Material provided
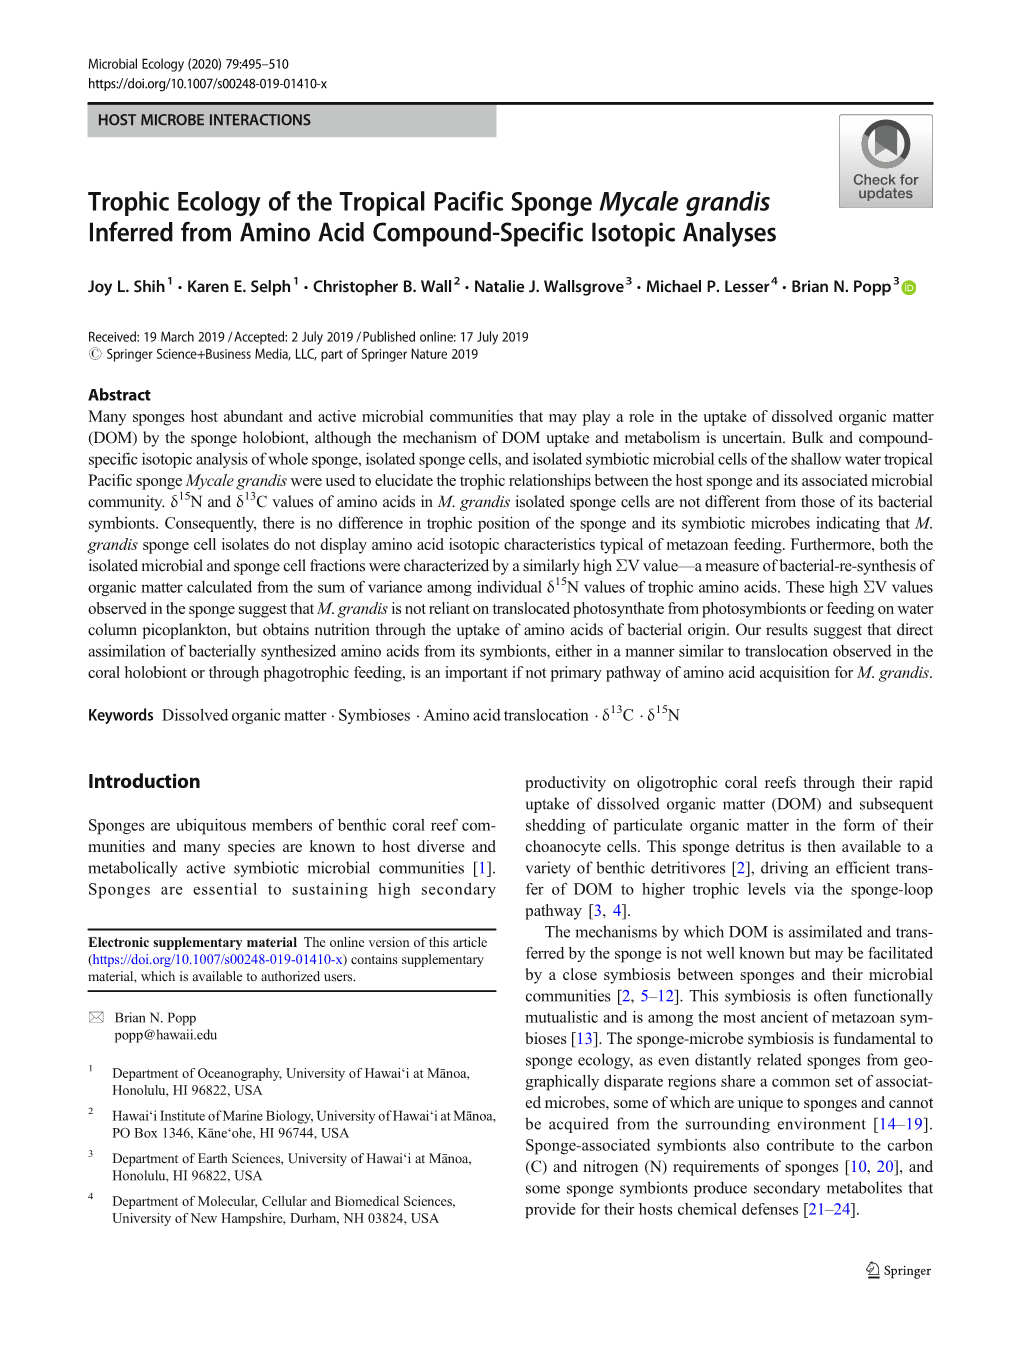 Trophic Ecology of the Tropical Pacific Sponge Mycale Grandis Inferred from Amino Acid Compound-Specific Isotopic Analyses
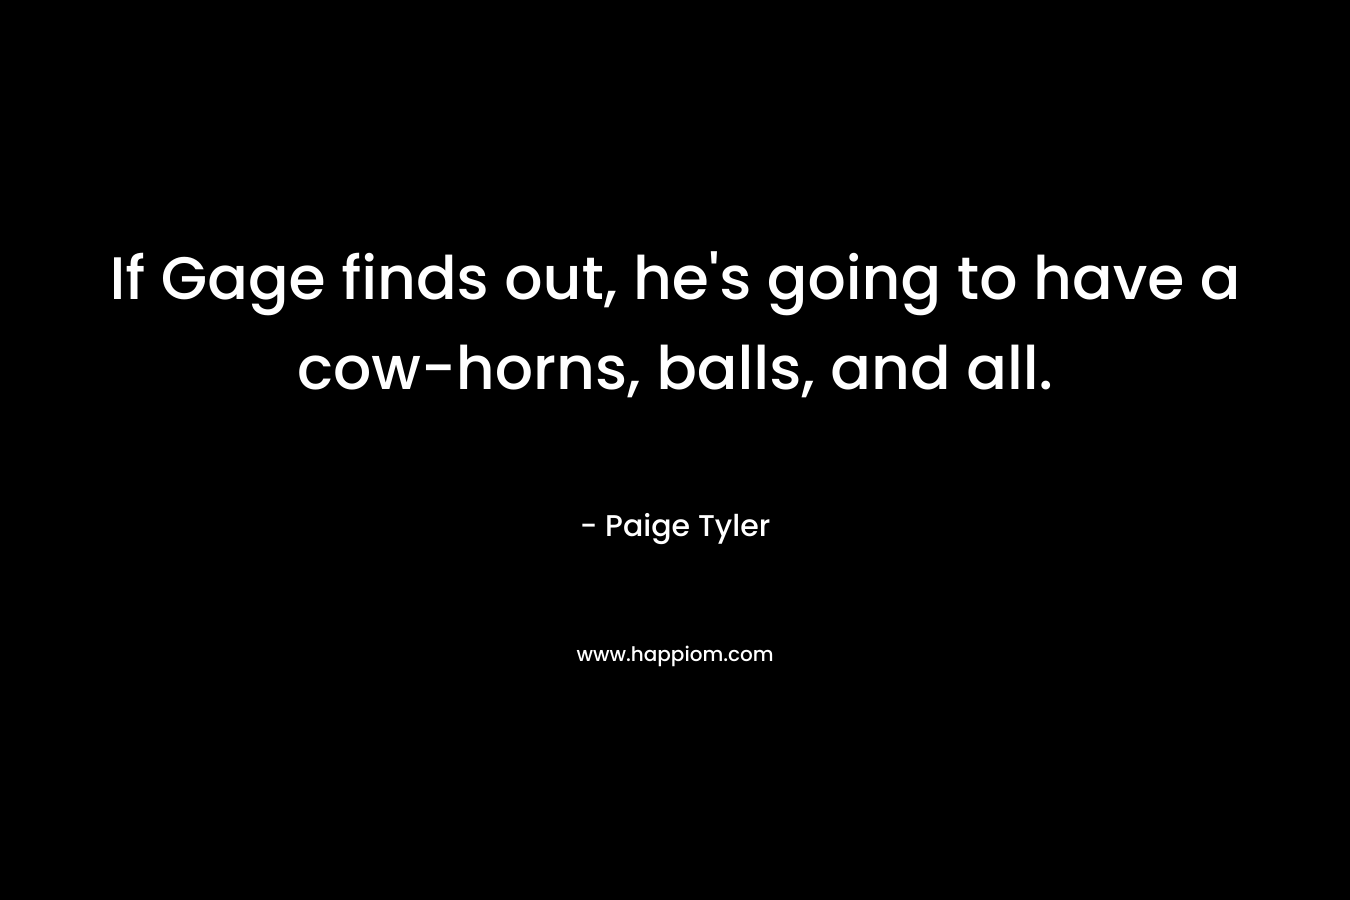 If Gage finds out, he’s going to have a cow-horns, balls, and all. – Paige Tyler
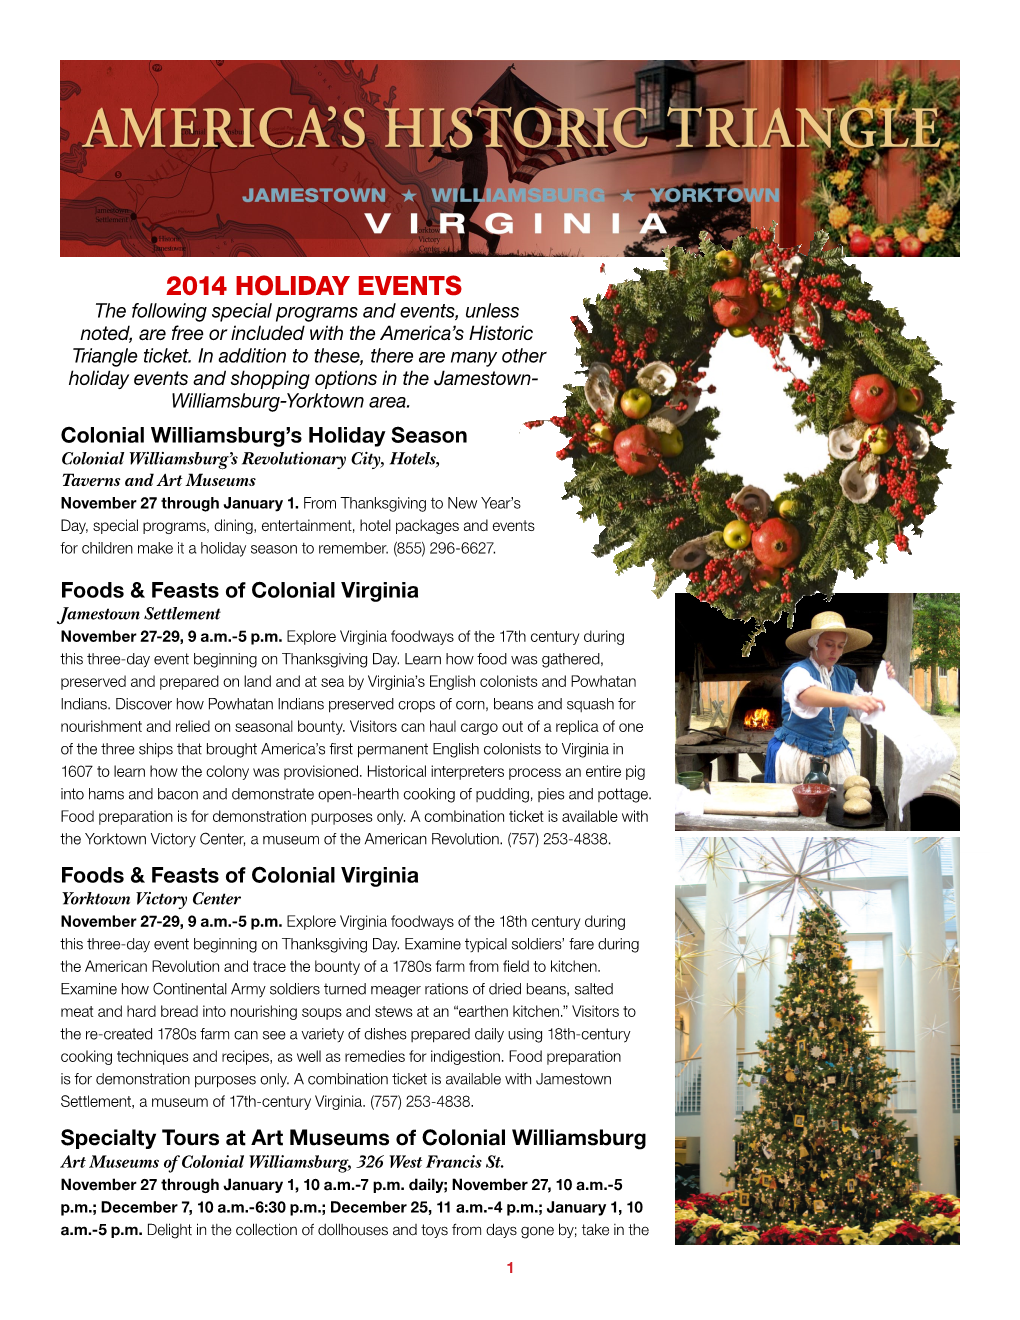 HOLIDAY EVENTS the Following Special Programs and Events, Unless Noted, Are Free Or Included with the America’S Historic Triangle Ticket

What to do
Print the data once more without any change, skipping each picture.

Task solution
 Trophic Ecology of the Tropical Pacific Sponge Mycale Grandis Inferred from Amino Acid Compound-Specific Isotopic Analyses
 If Gage finds out, he’s going to have a cow-horns, balls, and all. – Paige Tyler
 HOLIDAY EVENTS the Following Special Programs and Events, Unless Noted, Are Free Or Included with the America’S Historic Triangle Ticket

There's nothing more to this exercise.